Injuries Not Covered Under Workers’ Compensation
Workers’ compensation exists to help individual who get injured or fall ill on the job. Therefore, only someone hurt or sickened at work or while engaged in activities directly related to fulfilling the duties of their job can claim workers’ comp benefits. The health problem must be significantly disabling, meaning the person has to stop working or accept a lower-paying position for several months. Also, the problem can affect any part of the person’s body or physical functioning. Losing a finger, going deaf or blind, having a heart attack, and developing a permanent lung disease are all examples of injuries and illnesses eligible for workers’ comp.
Distinguishing what counts as a work-related activity sometimes requires going to court. Clarifying the issue somewhat, general rules that have developed over time that indicate that driving a company vehicle during business hours qualifies, but taking your own car to the office in the morning before the start of the business day does not. Similarly, falling while putting on a safety suit in the factory locker room could be what lawyers call compensable, but tripping while dressing for work at home would not be. Parking lot injuries are whole separate category of worker’s comp case law.
Questions about whether an offsite or near-site incident could make you eligible for applying to receive payments from the Ohio workers’ compensation program are best referred to a Cleveland workers’ comp attorney before going through the lengthy process of applying for benefits.
The state-run program to cover injured and ill workers’ medical bills and temporary disability expenses does have a list of circumstances that automatically disqualify applications. It looks like this:
- Self-inflicted injuries
- Injuries suffered with under the influence of alcohol or drugs
- Injuries suffered while engaging in clearly illegal activities, including trespassing or violating environmental laws
- Injuries suffered while fighting with co-workers
- Injuries suffered while purposely ignoring safety rules, which includes engaging in horseplay
- Worsening of a preexisting disease even when workplace exposures cause flare-ups that make doing one’s job impossible
- Strictly mental difficulties such as stress
This list of workers’ compensation exclusions leave space for interpretation, especially since employers may attempt to convince the program administrators who investigate workers’ comp applications that a hurt or sick worker caused their own health problems. A skilled and caring workers’ comp lawyer in Cleveland, Cleveland, Ohio, can help a client gather and present evidence to counter such claims.
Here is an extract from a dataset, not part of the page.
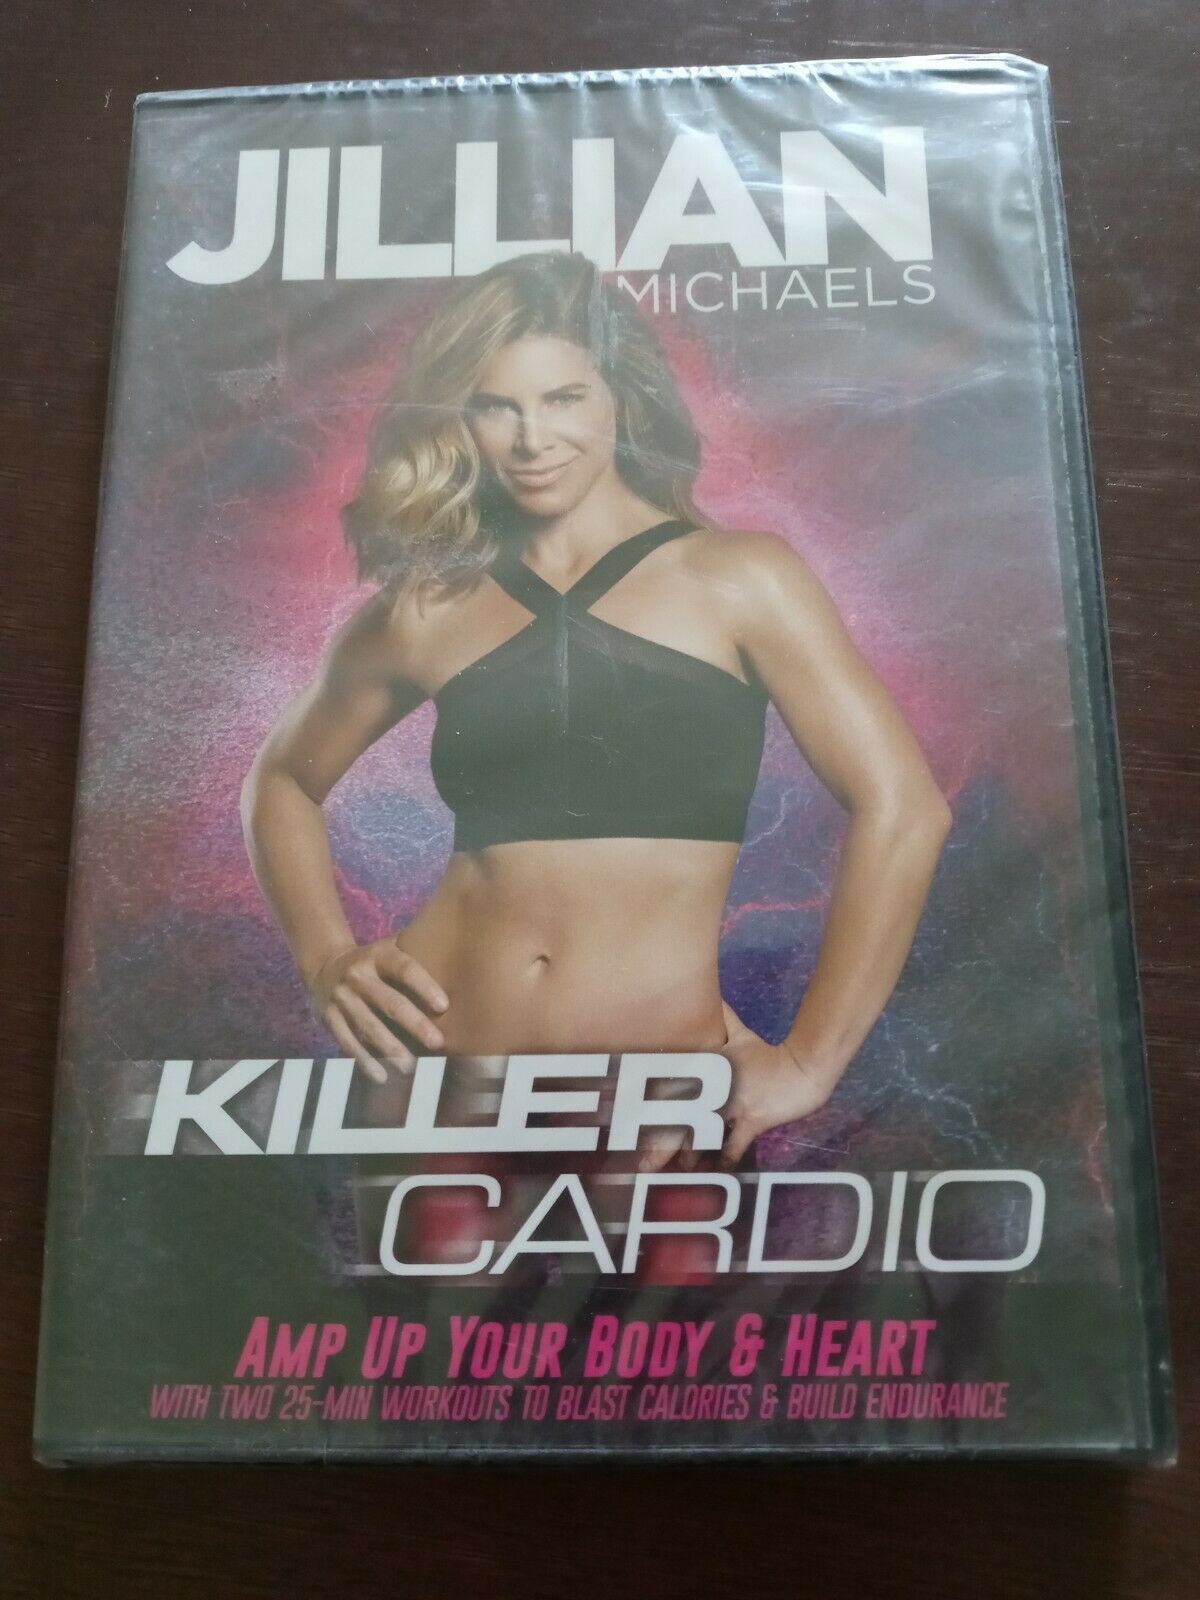 Primary image for Jillian Michaels Killer Cardio DVD Fitness Training Workout Exercise Video NEW
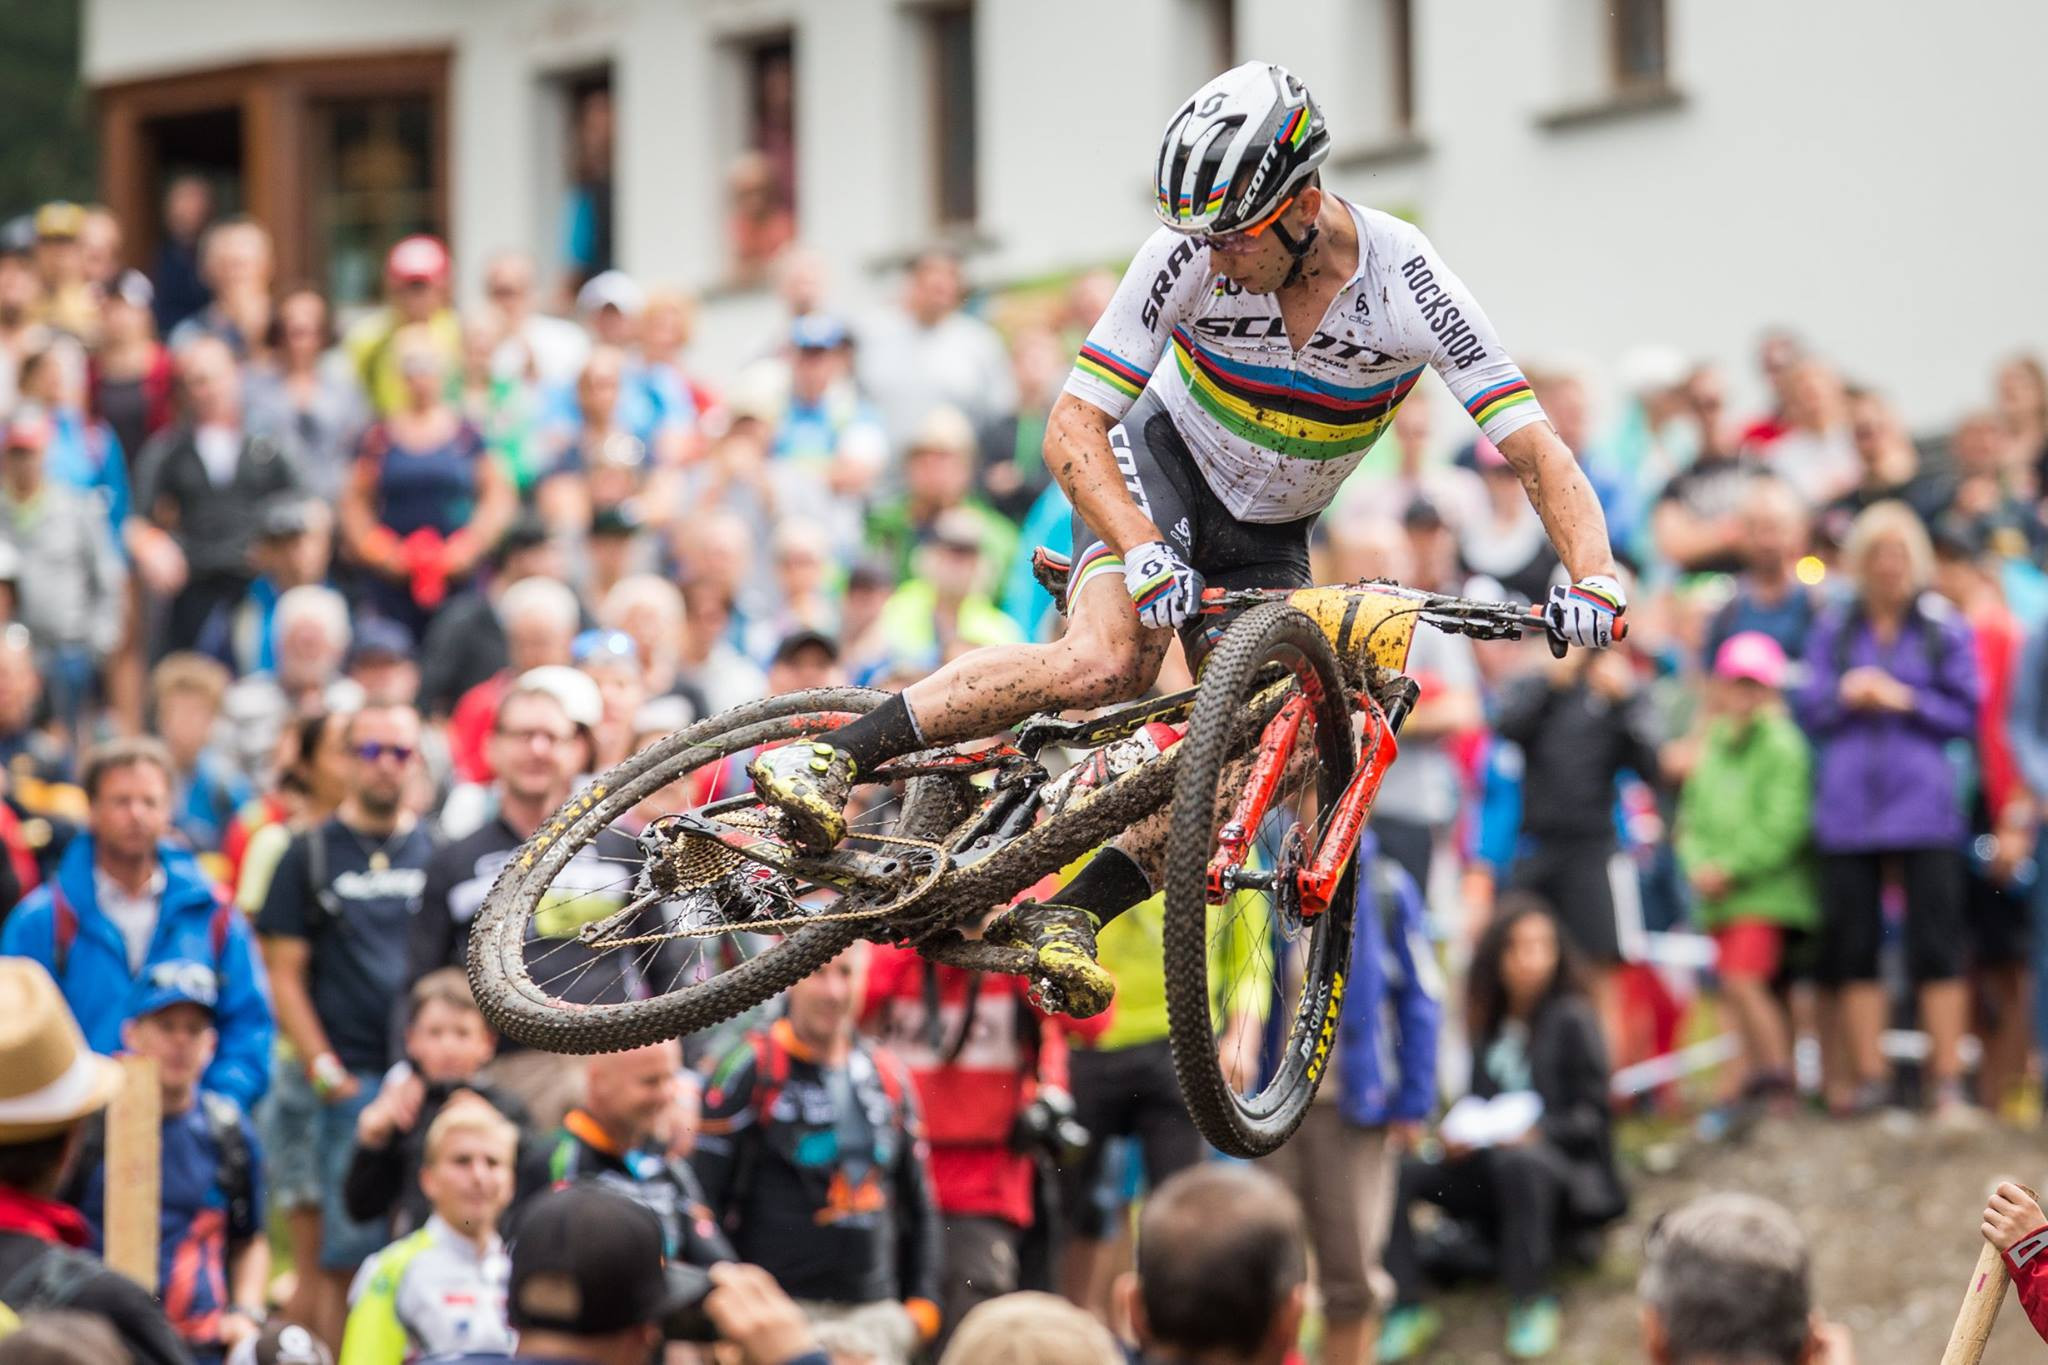 Home rider Nino Schurter is targeting a seventh title at the UCI Mountain Bike World Championships at Lenzerheide in Switzerland ©UCI

Options Exist When Workers’ Comp Doesn’t
Speaking with an Agee Clymer Mitchell and Portman personal injury attorney could help you explore options other than workers’ compensation. While filing and succeeding with civil lawsuits against one’s employer has become increasingly difficult in Ohio, evidence of reckless indifference to employees’ health and safety remains actionable. Another possibility could be pursuing a defective or dangerous product claim against the manufacturer of a tool or device that inflicted an injury. That tactic can succeed when a machine malfunctions, a hand tool breaks, or a walkway railing or ladder collapses.